Draino is intended for use alongside the Kubernetes Node Problem Detector and Cluster Autoscaler. The Node Problem Detector can set a node condition when it detects something wrong with a node - for instance by watching node logs or running a script. The Cluster Autoscaler can be configured to delete nodes that are underutilised. Adding Draino to the mix enables autoremediation:
- The Node Problem Detector detects a permanent node problem and sets the corresponding node condition.
- Draino notices the node condition. It immediately cordons the node to prevent new pods being scheduled there, and schedules a drain of the node.
- Once the node has been drained the Cluster Autoscaler will consider it underutilised. It will be eligible for scale down (i.e. termination) by the Autoscaler after a configurable period of time.
usage: draino [<flags>] <node-conditions>...
Automatically cordons and drains nodes that match the supplied conditions.
Flags:
--help Show context-sensitive help (also try --help-long and --help-man).
-d, --debug Run with debug logging.
--listen=":10002" Address at which to expose /metrics and /healthz.
--kubeconfig=KUBECONFIG Path to kubeconfig file.
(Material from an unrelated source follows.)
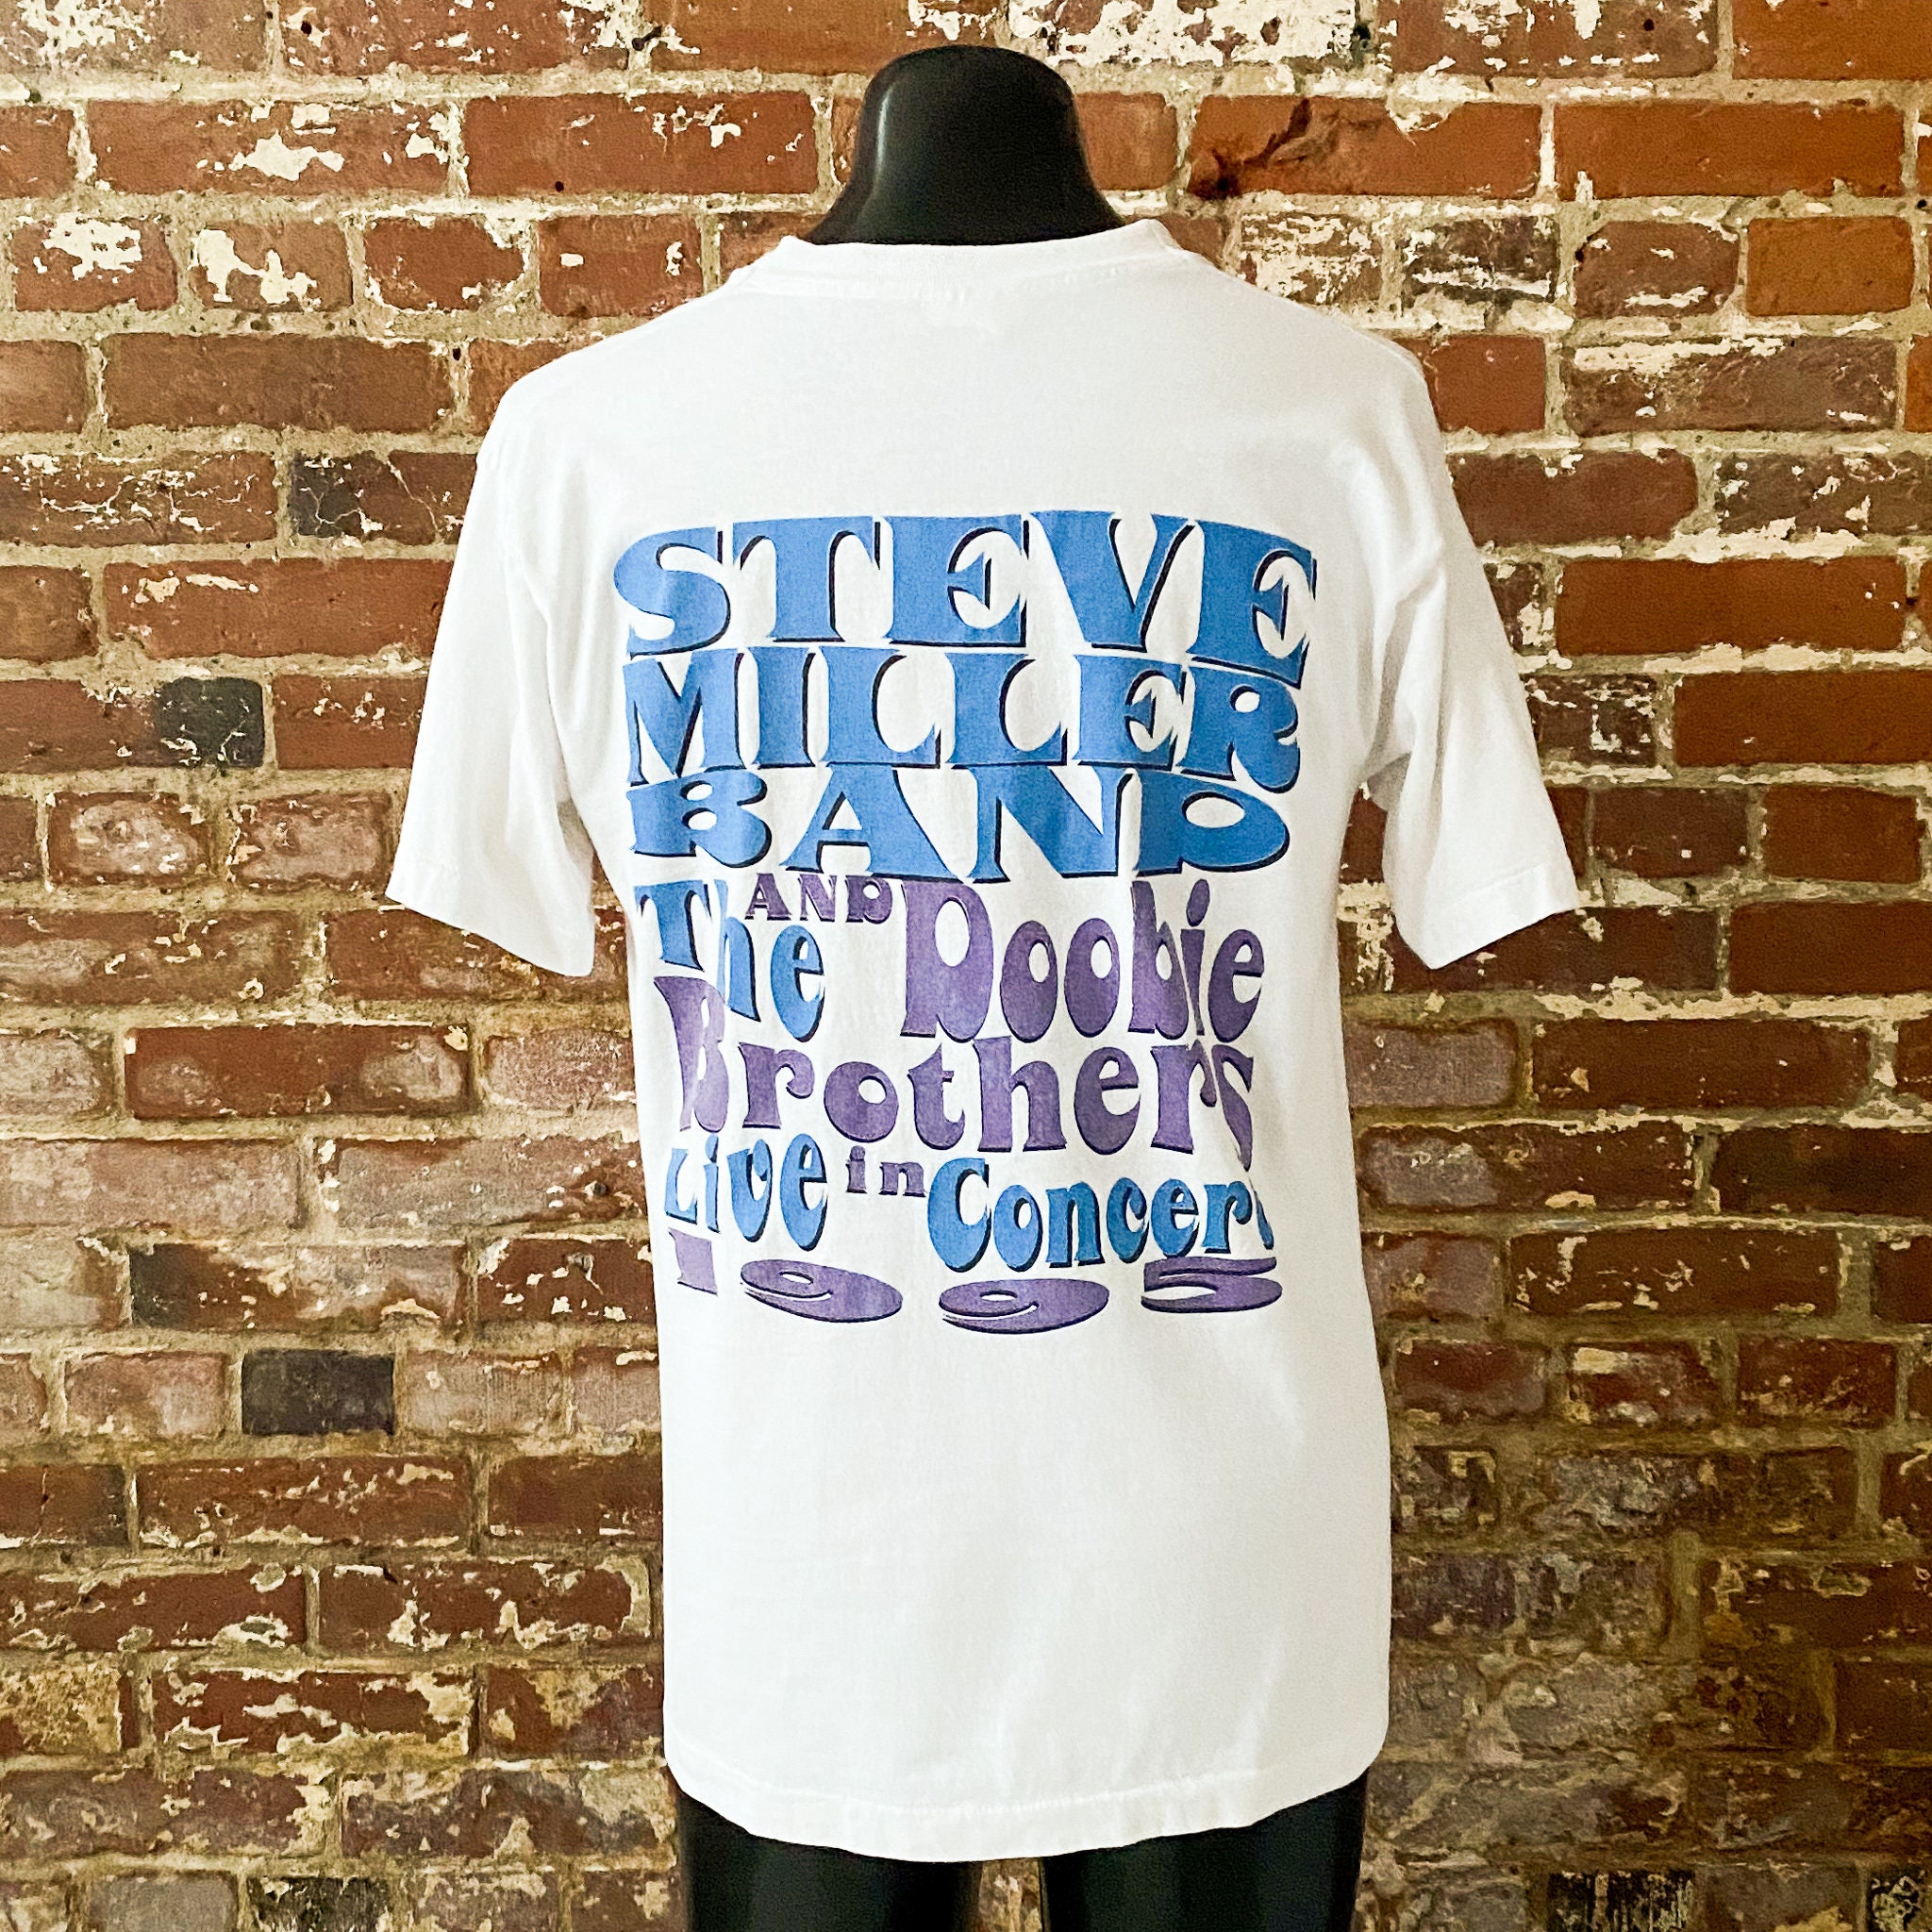 90s Steve Miller Summer Tour T-Shirt. Vintage 1995 Steve Miller

Leave unset to use in-cluster config.
--master=MASTER Address of Kubernetes API server. Leave unset to use in-cluster config.
--dry-run Emit an event without cordoning or draining matching nodes.
--max-grace-period=8m0s Maximum time evicted pods will be given to terminate gracefully.
--eviction-headroom=30s Additional time to wait after a pod's termination grace period for it to have been deleted.
--drain-buffer=10m0s Minimum time between starting each drain. Nodes are always cordoned immediately.
--node-label=NODE-LABEL ...
(Deprecated) Nodes with this label will be eligible for cordoning and draining. May be specified multiple times
--node-label-expr=NODE-LABEL-EXPR
Nodes that match this expression will be eligible for cordoning and draining.
--namespace="kube-system" Namespace used to create leader election lock object.
--leader-election-lease-duration=15s
Lease duration for leader election.
--leader-election-renew-deadline=10s
Leader election renew deadline.
--leader-election-retry-period=2s
Leader election retry period.
--leader-election-token-name="draino"
Leader election token name.
--skip-drain Whether to skip draining nodes after cordoning.
--do-not-evict-pod-controlled-by=kind[[.version].group]] examples: StatefulSets StatefulSets.apps StatefulSets.apps.v1 ...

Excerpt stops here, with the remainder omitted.